Ceres Workstation
- Developer: ETH Zurich
- Manufacturer: ETH Zurich
- Product family: Wirth
- Type: workstation
- Released: 1987; 39 years ago
- Discontinued: Yes
- Media: Floppy disk: Ceres 1: 5.25 in (13.3 cm) Ceres 3: 3.5 in (8.9 cm)
- Operating system: Oberon System
- CPU: NS32000
- Memory: 2 MB DRAM + 256 KB video RAM
- Dimensions: 18.5 in × 7.5 in × 14.5 in (47 cm × 19 cm × 37 cm)
- Marketing target: Research
- Predecessor: Lilith
- Successor: Ceres-2, Ceres-3

= Ceres (workstation) =

ETH Zurich computer

The Ceres Workstation was a workstation computer built by Niklaus Wirth's group at ETH Zurich in 1987. The central processing unit (CPU) is a National Semiconductor NS32000, and the operating system, named Oberon System is written fully in the object-oriented programming language Oberon. It is an early example of an operating system using basic object-oriented principles and garbage collection on the system level and a document centered approach for the user interface (UI), as envisaged later with OpenDoc. Ceres was a follow-up project to the Lilith workstation, based on AMD bit slicing technology and the programming language Modula-2.

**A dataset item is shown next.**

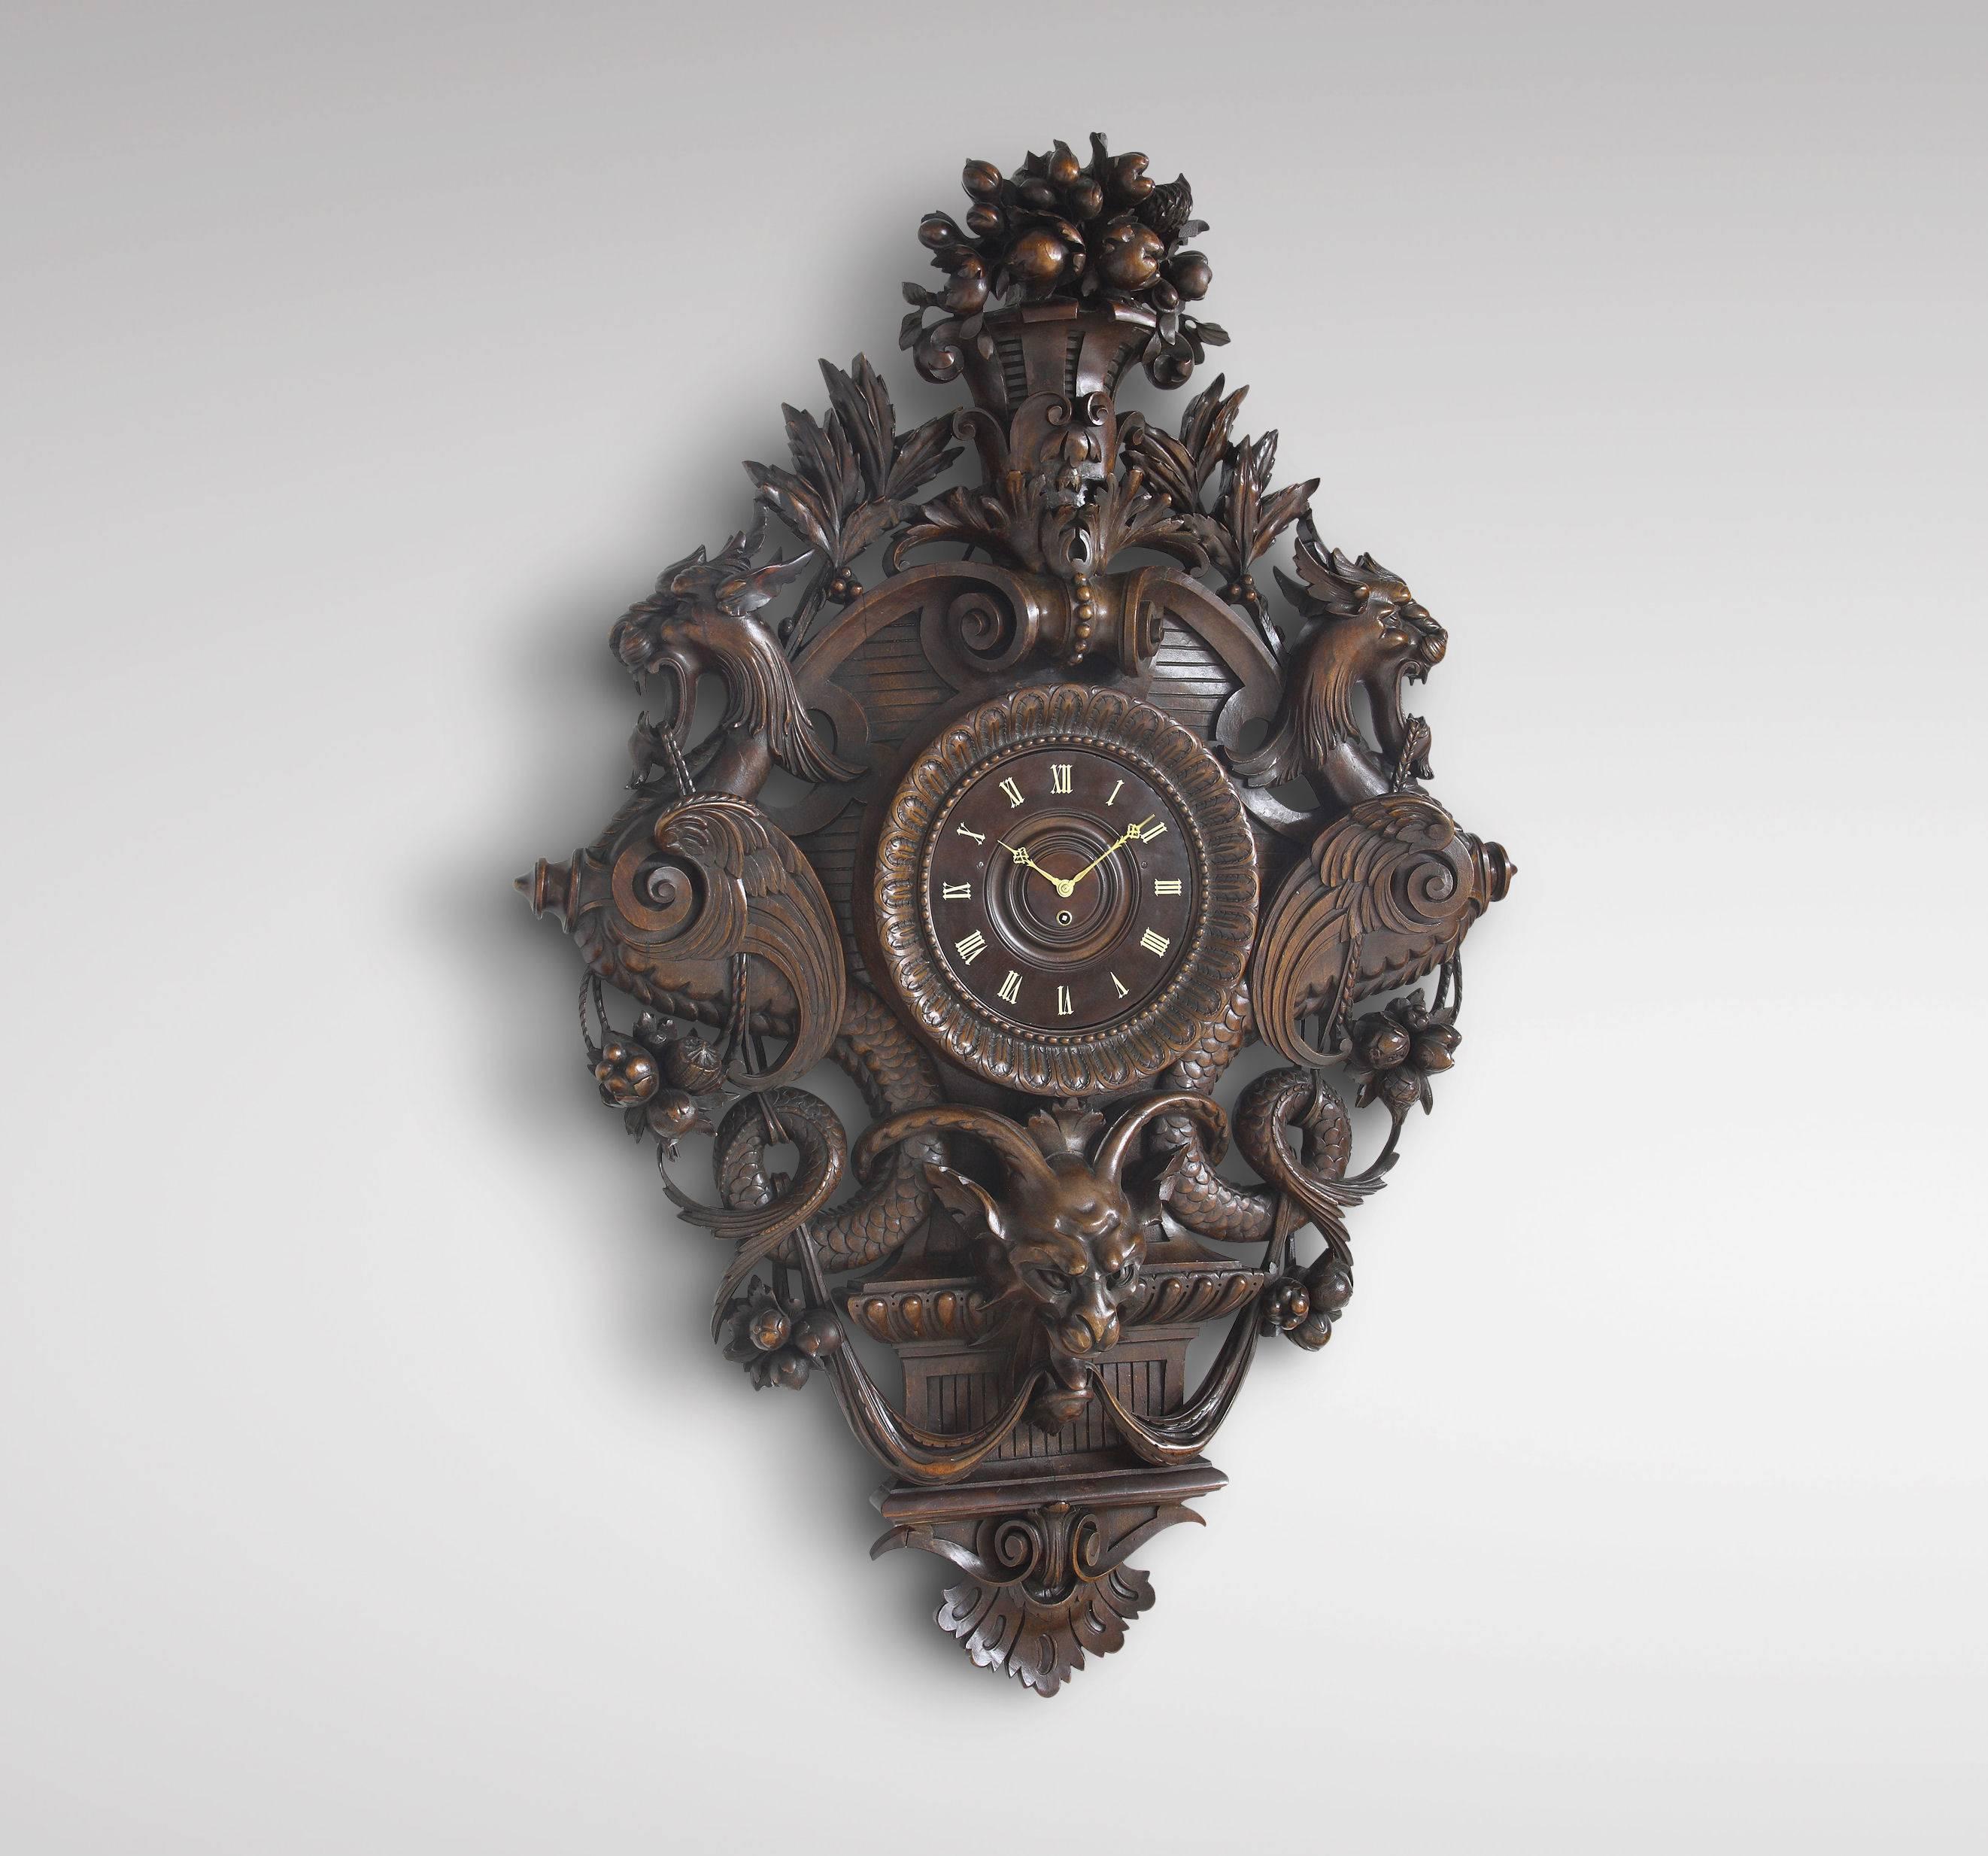 Exceptional carved walnut wall clock by Charles-François Rossigneux, Paris, circa 1870. The clock dial in waxed and polished walnut, with Gothic-style Roman hour chapters painted in white, chased gilt-brass hands; the case, in the form of a

On the same hardware, Clemens Szyperski implemented as part of his Doctor of Philosophy (PhD) thesis an operating system named ETHOS, which takes full advantage of object-oriented technologies. A Usenet posting by Szyperski says that Oberon/F, which was later renamed to BlackBox Component Builder, incorporates ETHOS ideas and principles.

==Links==
- ETH Computer Science History: Lilith & Ceres
- Ceres-1 and Ceres-3 at the Computer History Museum, Mountain View, California, USA (see also its publications, especially pages 6 & 7 of Core 3.1)
- Heeb, Beat (1988). "Design of the Processor-Board for the Ceres-2 Workstation" (ETH Technical Report 93)
- Heeb, Beat (1991). "Hardware Description of the Workstation Ceres-3" (ETH Technical Report 168)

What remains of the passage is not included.